# Bluegill Prices at Jungle Jim's



## I'll go in after it (Feb 5, 2011)

I am taking up a new occupation if any of you need live bluegills 6" to 8" size I will have them anytime you want at $10.00 a pound making it a bargain compared to JJ price of $12.99 a pound . I will even take the head's off for my bait errr I mean so you don't have to do it yourself . 4 incher's same deal why pay baitshop price's of 12.50 a dozen or more when I can have them for you at 10.00 a dozen and meet you near your favorite flattie hole so I can fish there oh wait I mean for your conveinience . Free 5 gallon bucket with every $100.00 purchased call now our operator's are waiting


----------



## Perch (Apr 5, 2004)

ahemm.............b careful


----------



## JimmyMac (Feb 18, 2011)

So are you farm raising these fish? If your taking them from from a public waterway that is illegal. I don't much about the law, but I'm fairly certain selling them in general isn't an easy task, considering no bait shops I'm aware of carry them. Also, if your selling them as flathead bait, people are gonna want live ones. Dead bait is pretty terrible for flathead.


----------



## I'll go in after it (Feb 5, 2011)

Just sarcasm . I saw somebody paid $12.50 for them at wholesale bait and went to JJ the same day . The head's make great flathead bait got a 37 and a lil one ( 10+ ) that way recently . Didn't catch a thing with them at the lower dam wed. though but the water was really up and didn't stay long . They actually work great on channel cat's as well but you gotta beat the bluegill up a little first . Got them up to 17 that way . And big bass will also eat them I think that's how they caught the world record .


----------



## mason08 (Oct 16, 2010)

Dead bait is good for flatties....caught them with stomped goldfish all the time.But they do like live bait better...but when a front comes in cut the gills and hang on.


----------



## RiZzLiTo (Jun 6, 2010)

JimmyMac said:


> So are you farm raising these fish? If your taking them from from a public waterway that is illegal. I don't much about the law, but I'm fairly certain selling them in general isn't an easy task, considering no bait shops I'm aware of carry them. Also, if your selling them as flathead bait, people are gonna want live ones. Dead bait is pretty terrible for flathead.

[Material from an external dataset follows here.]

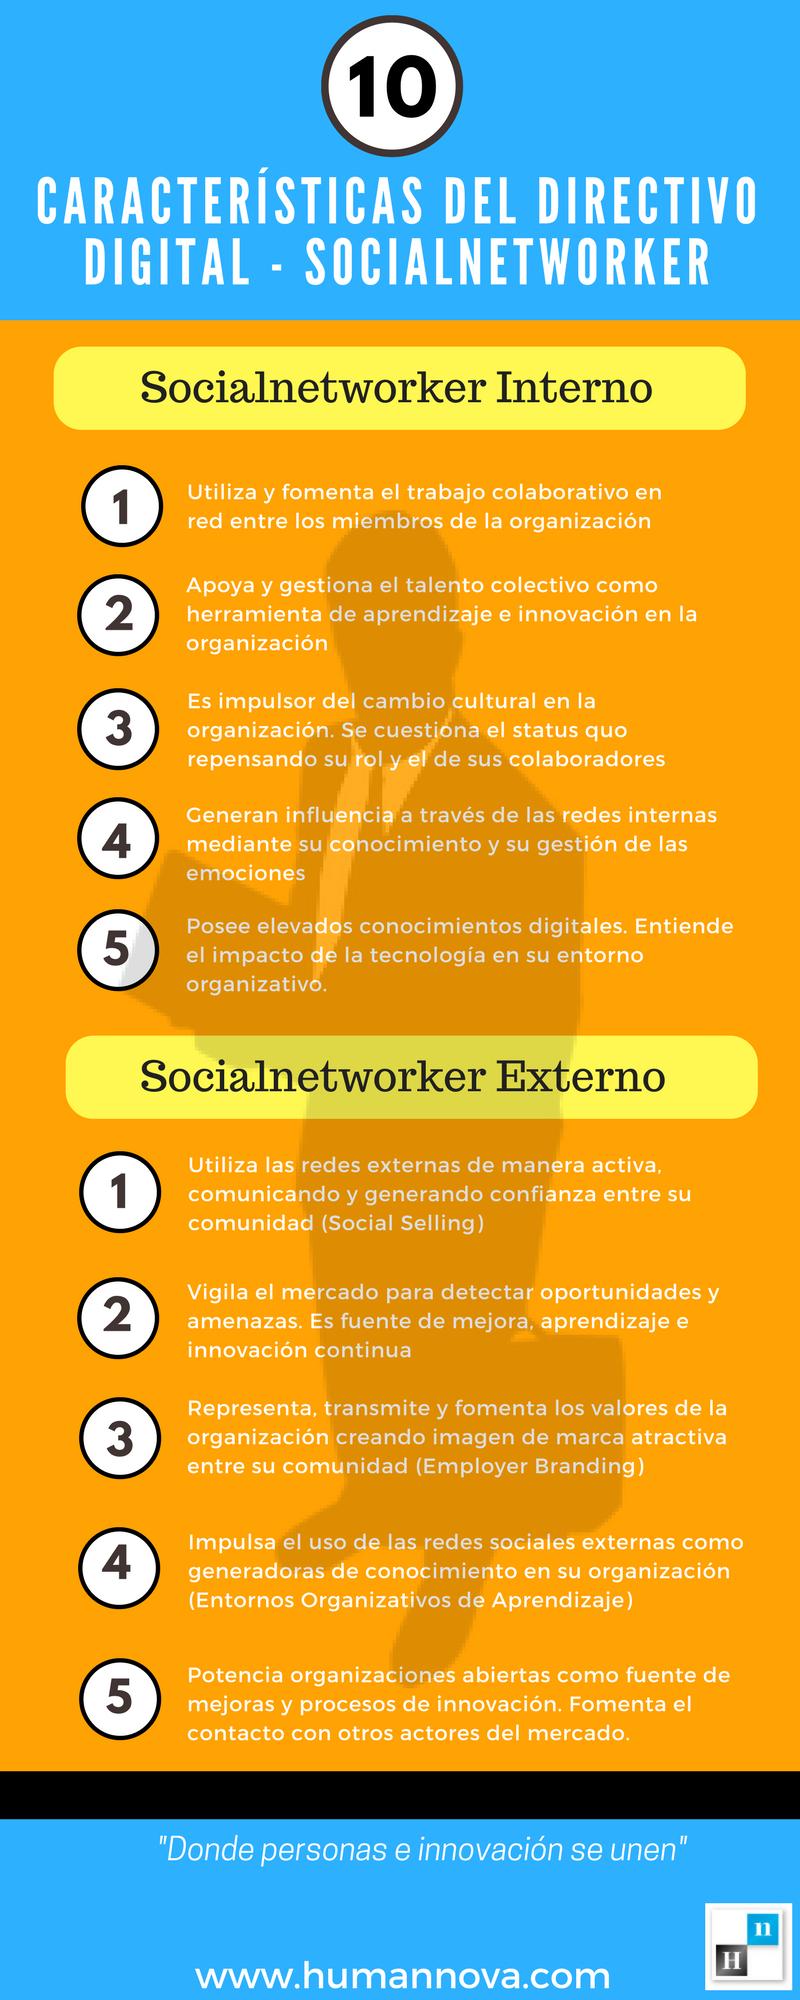 10caracteristicasdirectivodigital socialnetworker

dead bait terrible for flatties ? i dont how often you flathead fish but i have brought numerous flatties on cut bait. heres one for you 


Uploaded with ImageShack.us


----------



## mason08 (Oct 16, 2010)

Nice fish rizzo..i agree completely.


----------



## JimmyMac (Feb 18, 2011)

RiZzLiTo said:


> dead bait terrible for flatties ? i dont how often you flathead fish but i have brought numerous flatties on cut bait. heres one for you
> 
> 
> Uploaded with ImageShack.us


Yeah it works, but compared to live, its pretty bad. I've used it plenty and also caught numerous flathead on it. Doesn't make it a "good" bait just cause it can catch fish. Put out two poles one with live, one with dead its no contest. Not to mention how much you up your turtle and channel cat ratio using dead bait, something you want to avoid while flattie fishing. Perhaps the word "terrible" was a bad choice, but whatever.

My post was more of a attempt to make "I'll go in after it" rethink his idea about selling gills. Then I learned he was being sarcastic, lol.


----------



## RiZzLiTo (Jun 6, 2010)

i use live and cut. but where i usually fish cut pays off way better then live.


----------



## JimmyMac (Feb 18, 2011)

RiZzLiTo said:


> i use live and cut. but where i usually fish cut pays off way better then live.

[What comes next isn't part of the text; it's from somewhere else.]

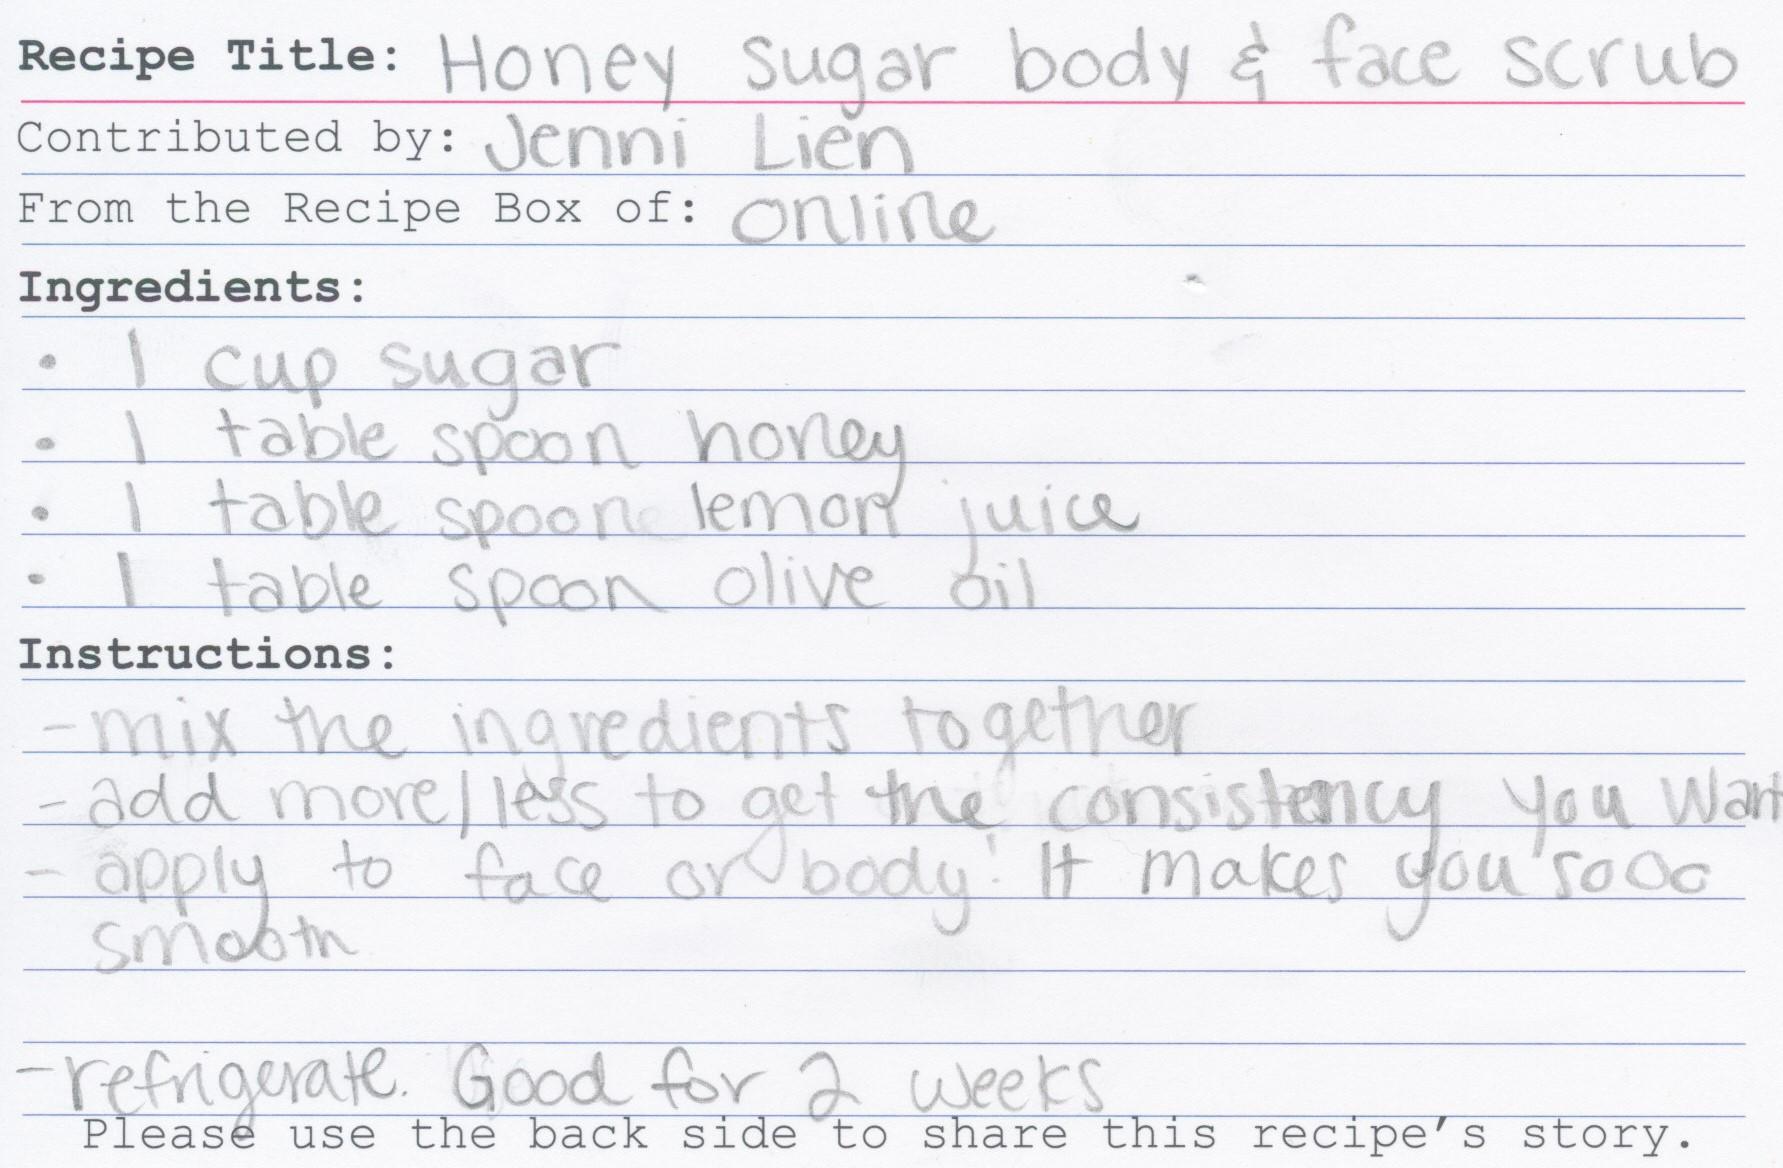 Honey Sugar Body and Face Scrub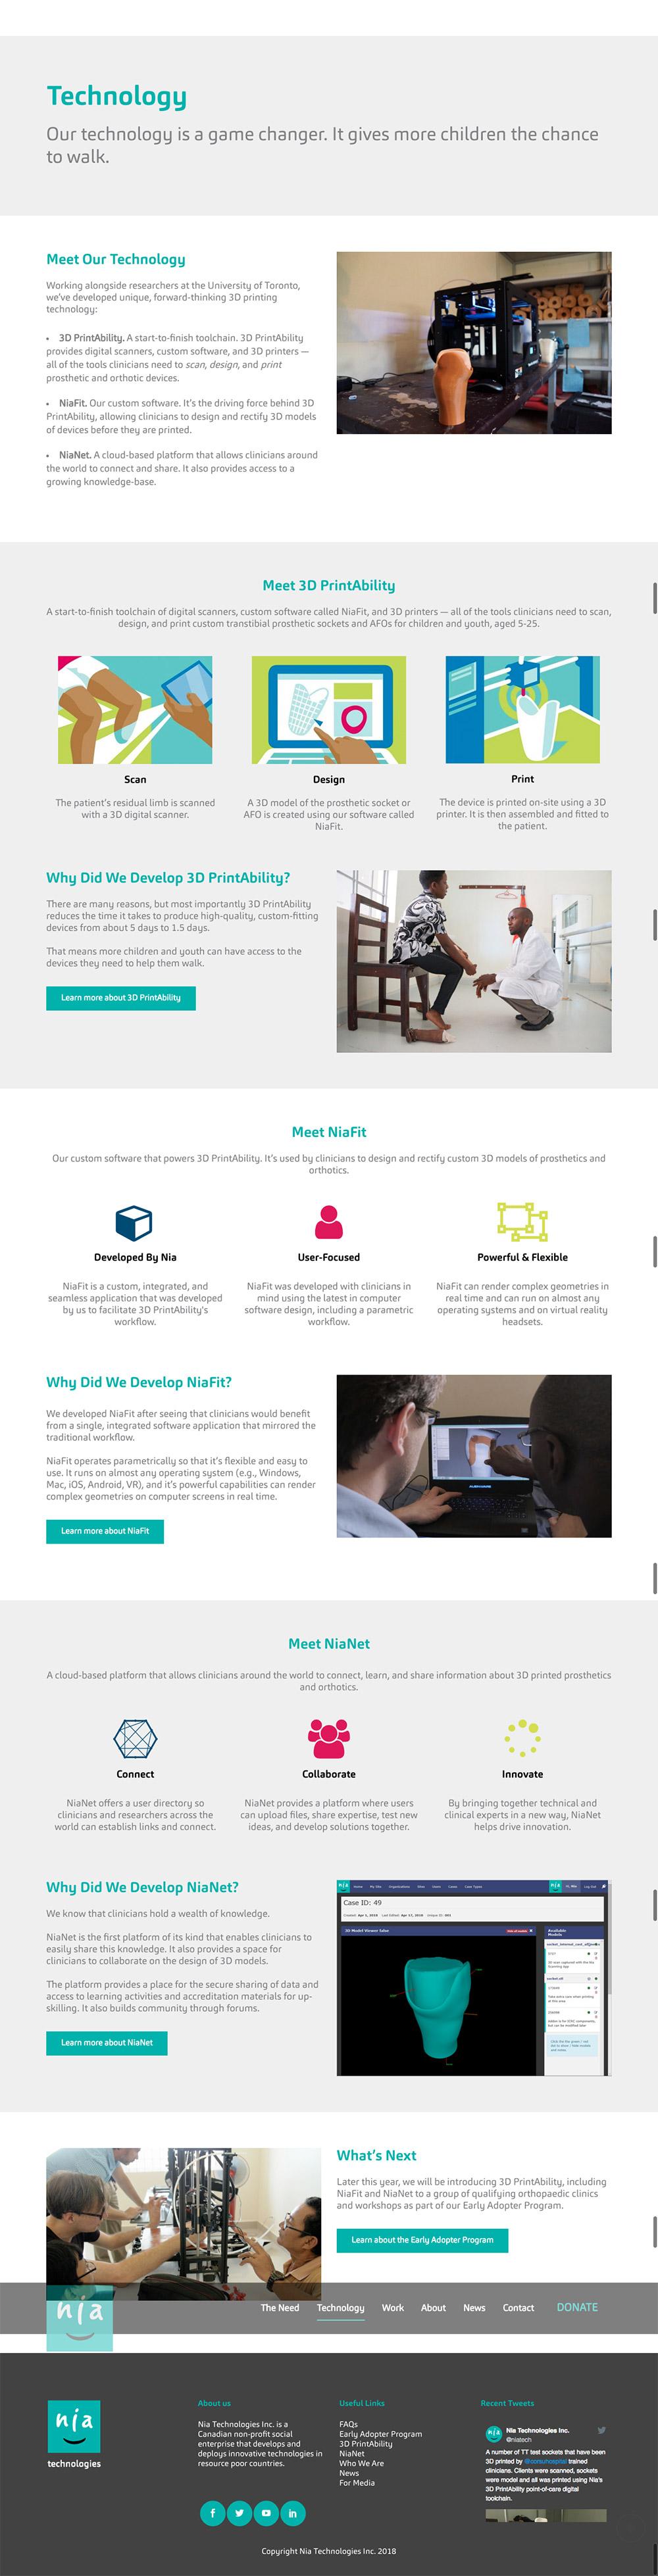 Copywriting sample - Nia Technologies website

Well thats a sweet deal then, a lot less hassle than keeping baitfish alive.


----------



## samfishdyt (Sep 15, 2010)

JimmyMac said:


> Well thats a sweet deal then, a lot less hassle than keeping baitfish alive.


Amen to that. I'm gonna have to agree with Jimmy on this one. If you fish with live it cuts your less likely to catch small channels and nearly guranteed no turtles. If I am in hunt for big flatties live is the way to go. If I want a ton of fish which is more typical of me I'm gonna use cut bait, livers or shrimp. Again not saying you won't knab some flatties on cut bait, I caught a 15# last night on liver, but thats the first one I have got in this spot, so you can rest assured I'll be back with some gills, and baby carp to try to selectivly fish them.


----------



## I'll go in after it (Feb 5, 2011)

Well there is sometime's and most of the time and then there is what happen's . Tonight I was fishing live bait freelining ( bluegill's) and pickup a nice saugeye 24 " 3lb 10 oz . However I also had a pole out for flathead's and got nothing while my neighbor who I gave a dead bluegill to caught 2 flathead's on my old dead bluegill . ????????????


----------



## I'll go in after it (Feb 5, 2011)

Oh lot's more to the story and picture's but when is cut bait alive ? I put out a bluegill head along with 2 live guy's both my wife and I were fishing . After 45 minute or an hour I pulled them in to check them and the head was trying to swim ! It kept moving it's fin's (pecs ?) for 3 or 4 minute's after I brought it out ! That was a new one for me I have seen them flap a bit after you cut the head but an hour later ! Maybe that water has regenative power's


----------



## samfishdyt (Sep 15, 2010)

I'll go in after it said:


> Oh lot's more to the story and picture's but when is cut bait alive ? I put out a bluegill head along with 2 live guy's both my wife and I were fishing . After 45 minute or an hour I pulled them in to check them and the head was trying to swim ! It kept moving it's fin's (pecs ?) for 3 or 4 minute's after I brought it out ! That was a new one for me I have seen them flap a bit after you cut the head but an hour later ! Maybe that water has regenative power's


Lol I remeber I caught some Saugeys and put them in a cooler with ice for about two hours. When I got home I ran some cold water and put some gloves one to clean them. When I picked the first fish up he flailed out of my hands back into the water. They were all floating, but still partially alive. Scared me to death.


----------



## I'll go in after it (Feb 5, 2011)

Yeah those saugeye float pretty quick but also revive if their in cold oxygenated water . Mine was a floater after unhooking but when I came back to get the stringer I had an angry fighter on my hand's . Lost a huge carp yesterday while trying to catch bluegill's for bait after 30 minute's of fighting it . Got to see it near the end though and it was a big fat boy not the long one's I see normally . Came up and made a boil in the water the size of a paddle boat . I was in water up to my chest . Waded out and cleared a path through the thick moss at Sharonwood's lake . A crowd of 20 or more had gathered . The line was so twisted it snapped at the reel . So much zzzzzz and reel reel reel . I grabbed the line in my hand and played him for a few more minute's and then he figured out there was no pole attached and no resistance and zip snap . I will remember that forever . Went fishing with the bluegill's at another spot ran out picked up my wife from work and went back for some more gill's . I thought no chance of another big fish so used my smaller reel . Big mistake . After 15 minute's a bass grabbed the line zzzzzz went this way and that then woosh up a couple feet in the air and SNAP . Aaargghhh . Fortune cookie after that at dinner said it was my lucky day


----------